Mrs. Nobody cares what her name is, made a ‘punny joke’ and instead of introducing her as Maria Lyre she called her Failure. A cacophony of cackles erupted. There were some that were not so rowdy but they could not help but chuckle. This was definitely willful of that odious teacher. She had spoken to Mrs. Nobody cares what her name is the week before when she went to collect her school text books and carefully explained her desire to be addressed as Maria Lyre. She had no problem being called Lyre Liar. Heck, her father, Mr. Lyre Liar, was a successful lawyer. Fey grew up on stories about how he was called Lyre Liar by dumb bullies but his academic and athletic achievements rang true every time. From a very young age she had decided to follow after his footsteps – excellent strides. How could a Failure succeed?

So there she was, a couple of weeks into her Failure stage, moping in bed looking up at the egg white paneled ceiling. She sluggishly got up and took out her journal from the… (Fey doesn’t want the hiding spot of her journal to be disclosed) and let loose on the page.

Today they called me failure again
even the teachers think it’s punny
wish I could be imaginary like the Easter bunny
or just a drop of ink from this pen
end my life with a period
or just bleed out


She ended it with an ellipsis as usual. That was a way of keeping the hope alive. Who knows what is omitted. The future is yet to be written. Who am I kidding? There is no hope for me.
It wasn’t just her name that was failure. All her teachers seemed to conspire to give her a B+ on every test and assignment. Fey had a Ricky Bobby mentality – you are either first or your last. And until recently she was first. Well, until recently she was home-schooled but that’s beside the point.

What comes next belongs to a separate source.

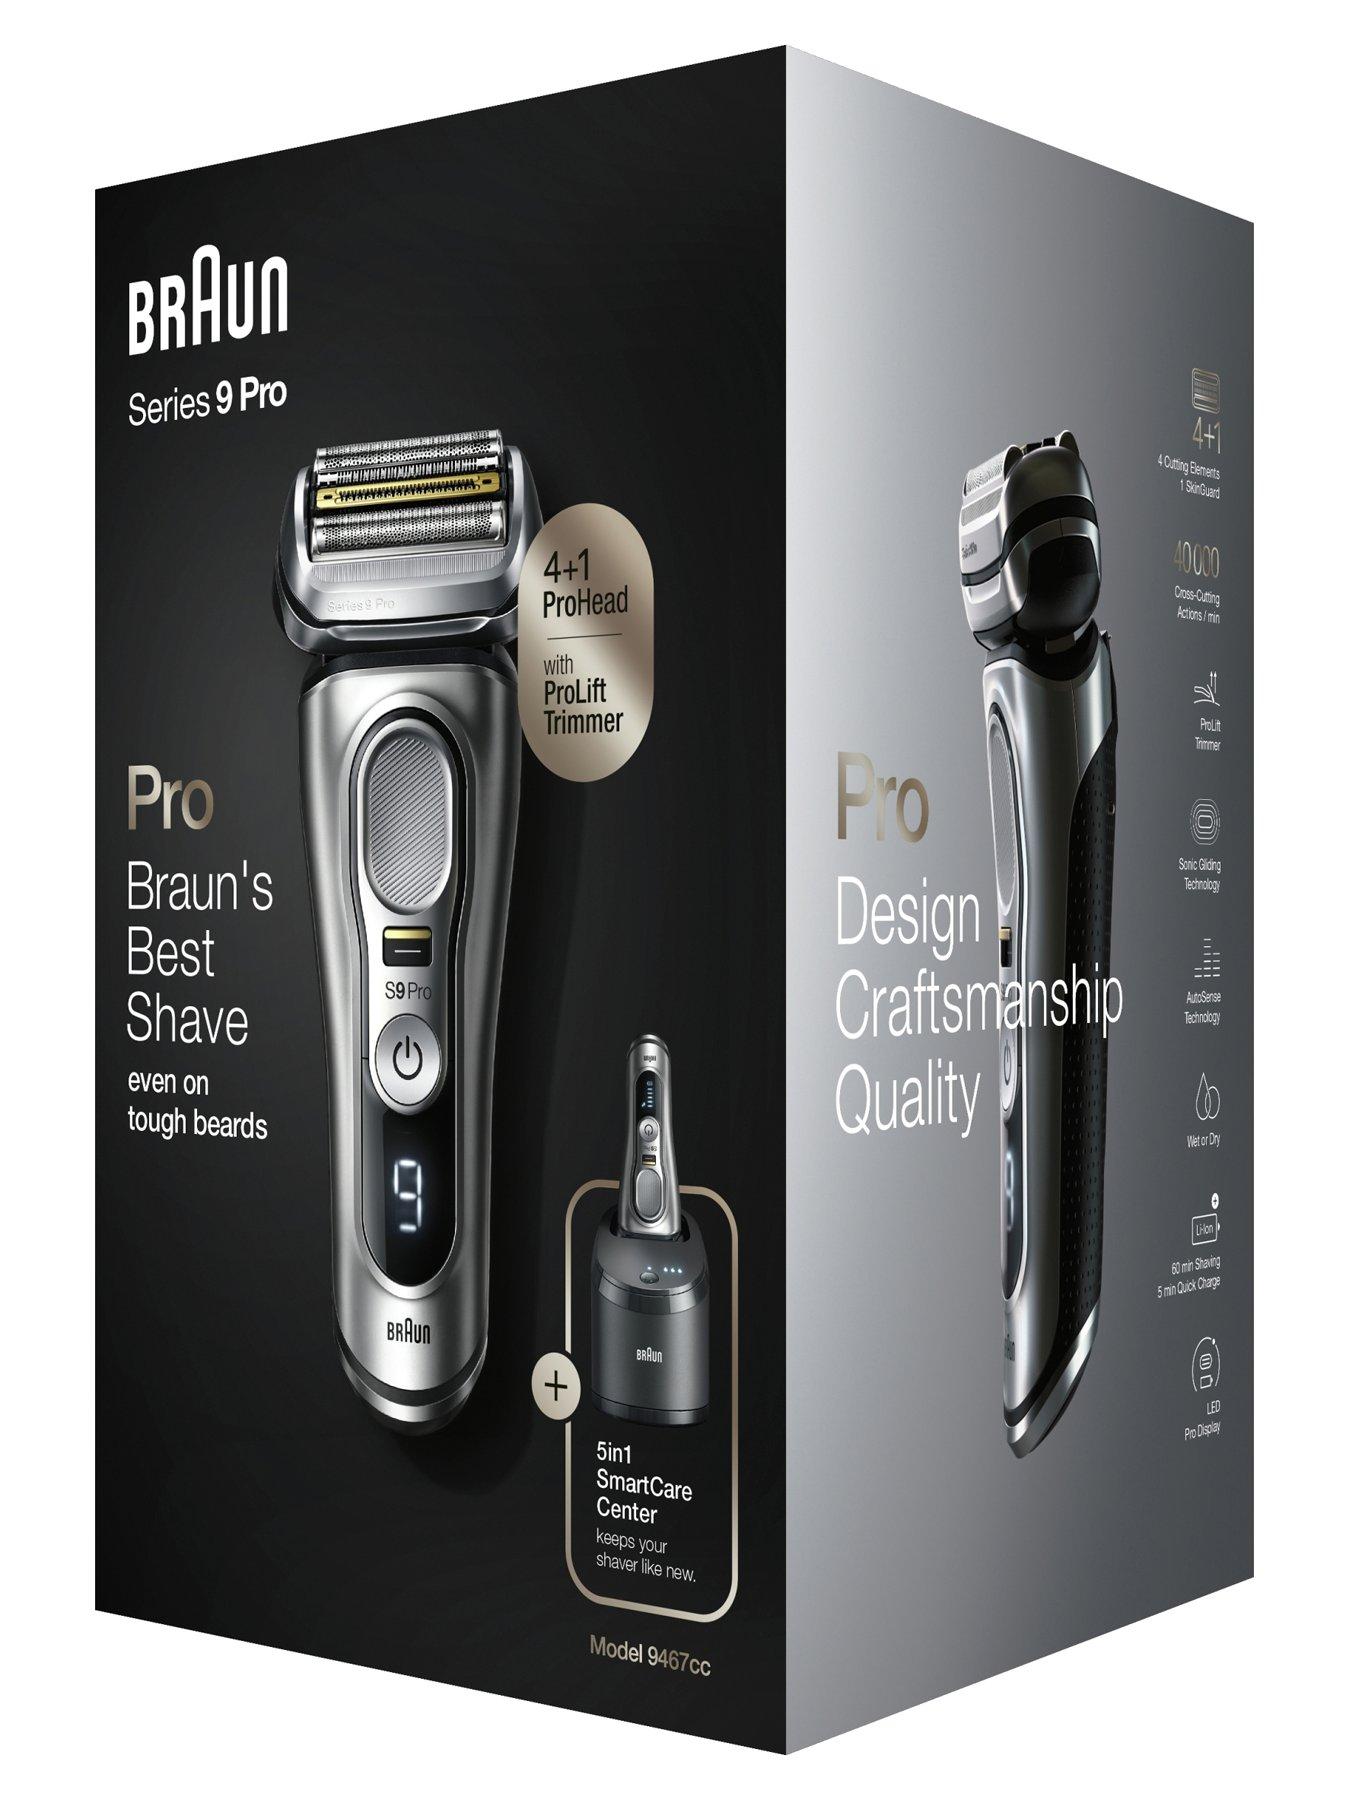 Braun Electric Razor for Men, Waterproof Foil Shaver, Series 9 9390cc, Wet  & Dry Shave, With Pop-Up Beard Trimmer for Grooming, Cleaning & Charging  SmartCare Center and Leather Travel Case, Silver

She even failed at suicide. The ‘pills’ she sneaked from her mom’s purse happened to be ‘lifesavers’ sweetie. Ha! How ironic! I’m so pathetic! Fey thought she was resolute to overdose. As this option was eliminate a Dark Vader like voice in her head urged her to slit her wrist or use a rope. Ain’t no way I’m doing any of that nonsense! Her spirit within her quickly refuted the idea. That’s when she realized that live is worth living. So what if people called her failure. I am Fey. I am precious. Life is precious. I am going through a slump right now but this is not forever. I am precious and I can and I will …
Who knows where life will take Fey Lyre.
The rest of the story is yet to be written.

-- 01 May 2017, 16:53 --

So, I normally write poetry but I am hoping to branch out into short story writing. I would really appreciate any feedback...creative criticisms is awesome.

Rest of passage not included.